**INSTRUCTIONS FOR THE TASK:**
Once you find the line with "0.31 cts Natural" in the data below, transcribe exactly each line from there to the line with "FREE: Successful Examination", inclusive, and nothing else. Drop the pictures.

**EXTRACTED MATERIAL:**
——
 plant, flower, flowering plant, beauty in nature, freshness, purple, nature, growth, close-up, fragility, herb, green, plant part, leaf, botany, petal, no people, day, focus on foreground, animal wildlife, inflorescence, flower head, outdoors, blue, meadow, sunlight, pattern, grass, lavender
——
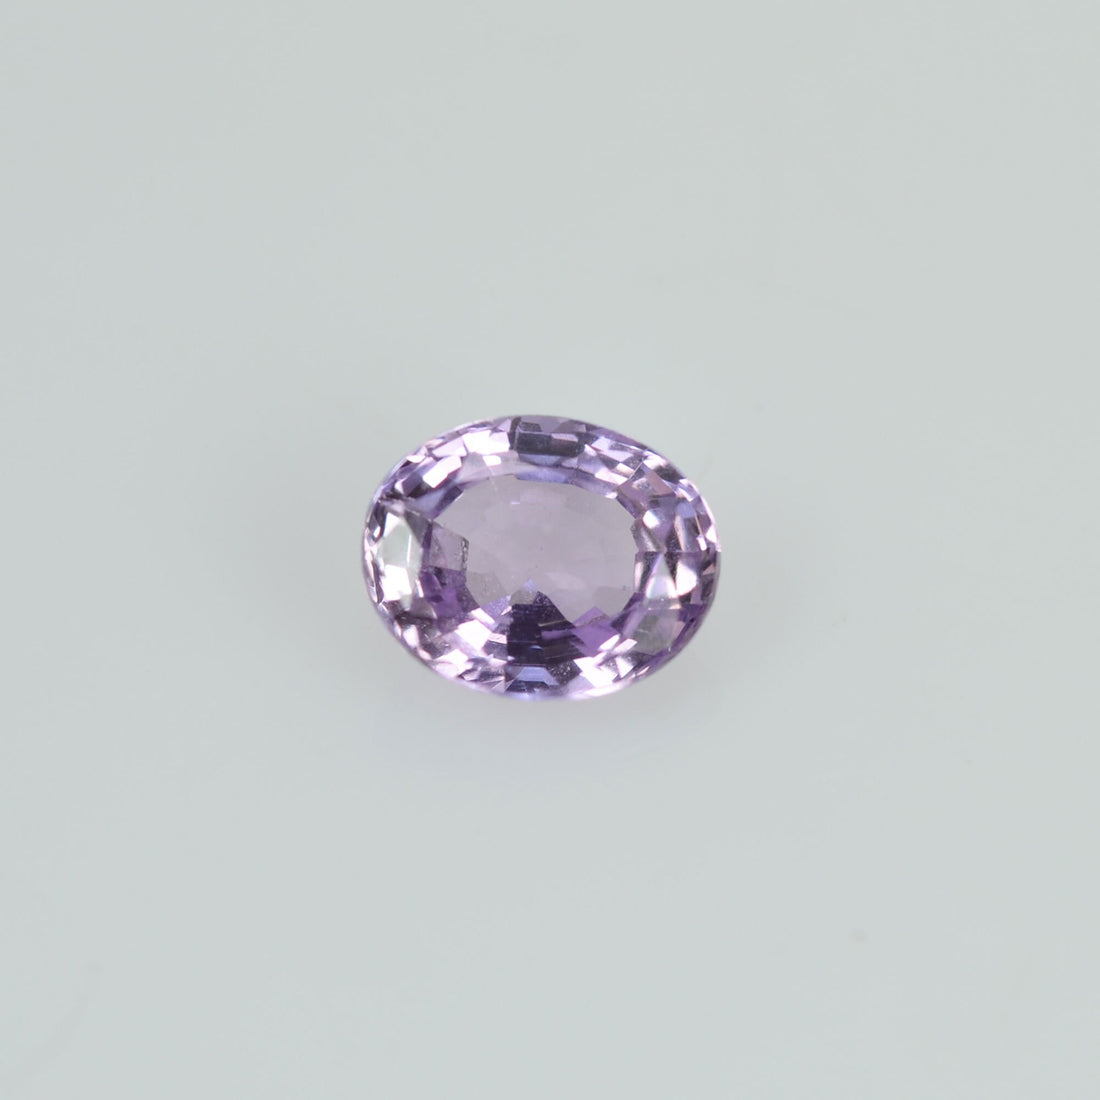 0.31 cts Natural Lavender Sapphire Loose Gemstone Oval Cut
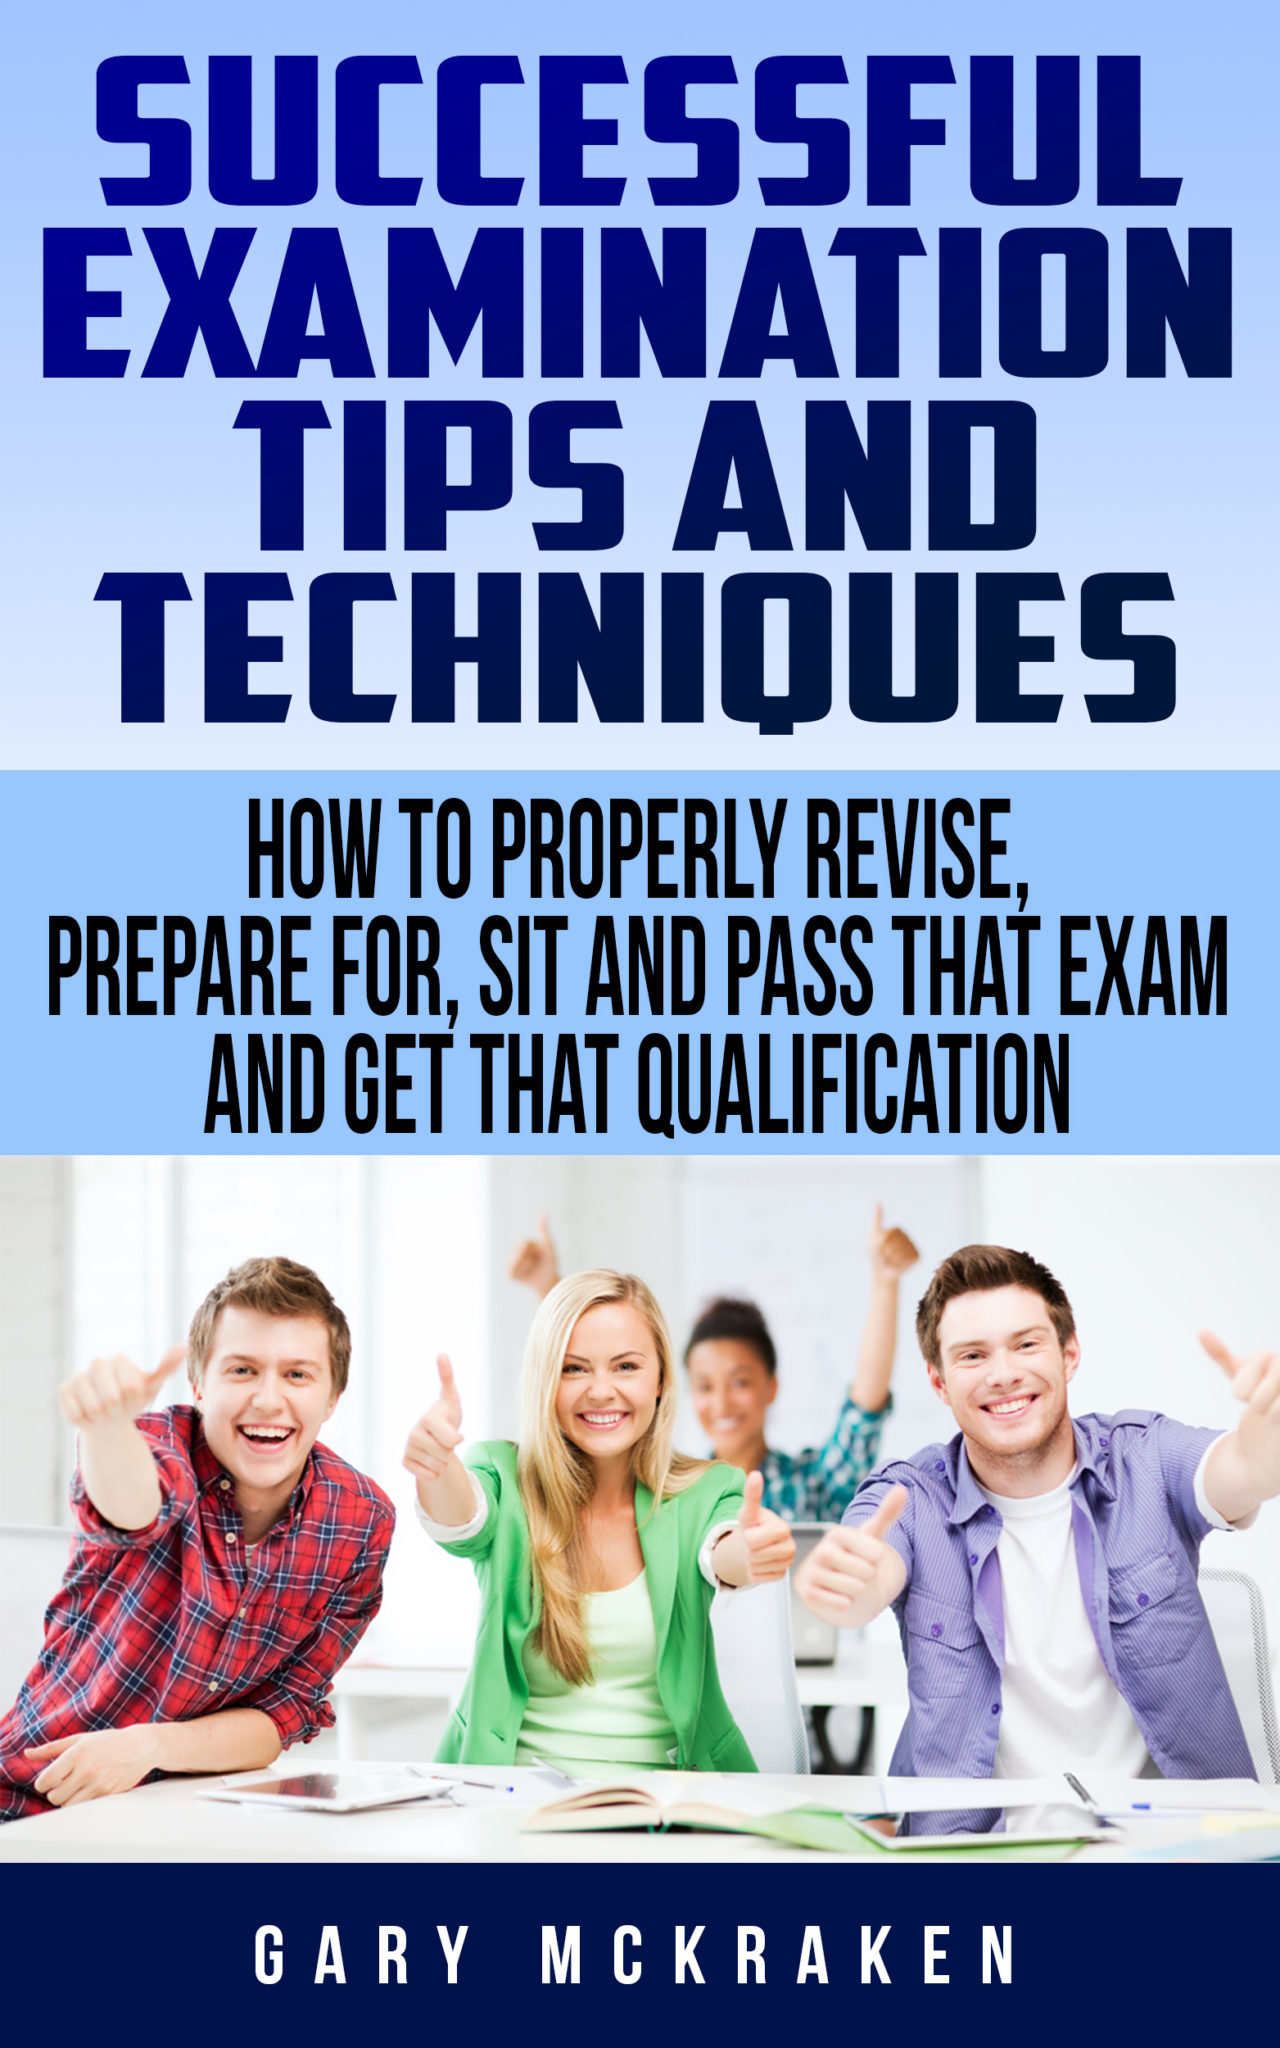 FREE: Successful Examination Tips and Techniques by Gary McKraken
——
**SOLUTION FOR THIS EXERCISE:**
 0.31 cts Natural Lavender Sapphire Loose Gemstone Oval Cut
 FREE: Successful Examination Tips and Techniques by Gary McKraken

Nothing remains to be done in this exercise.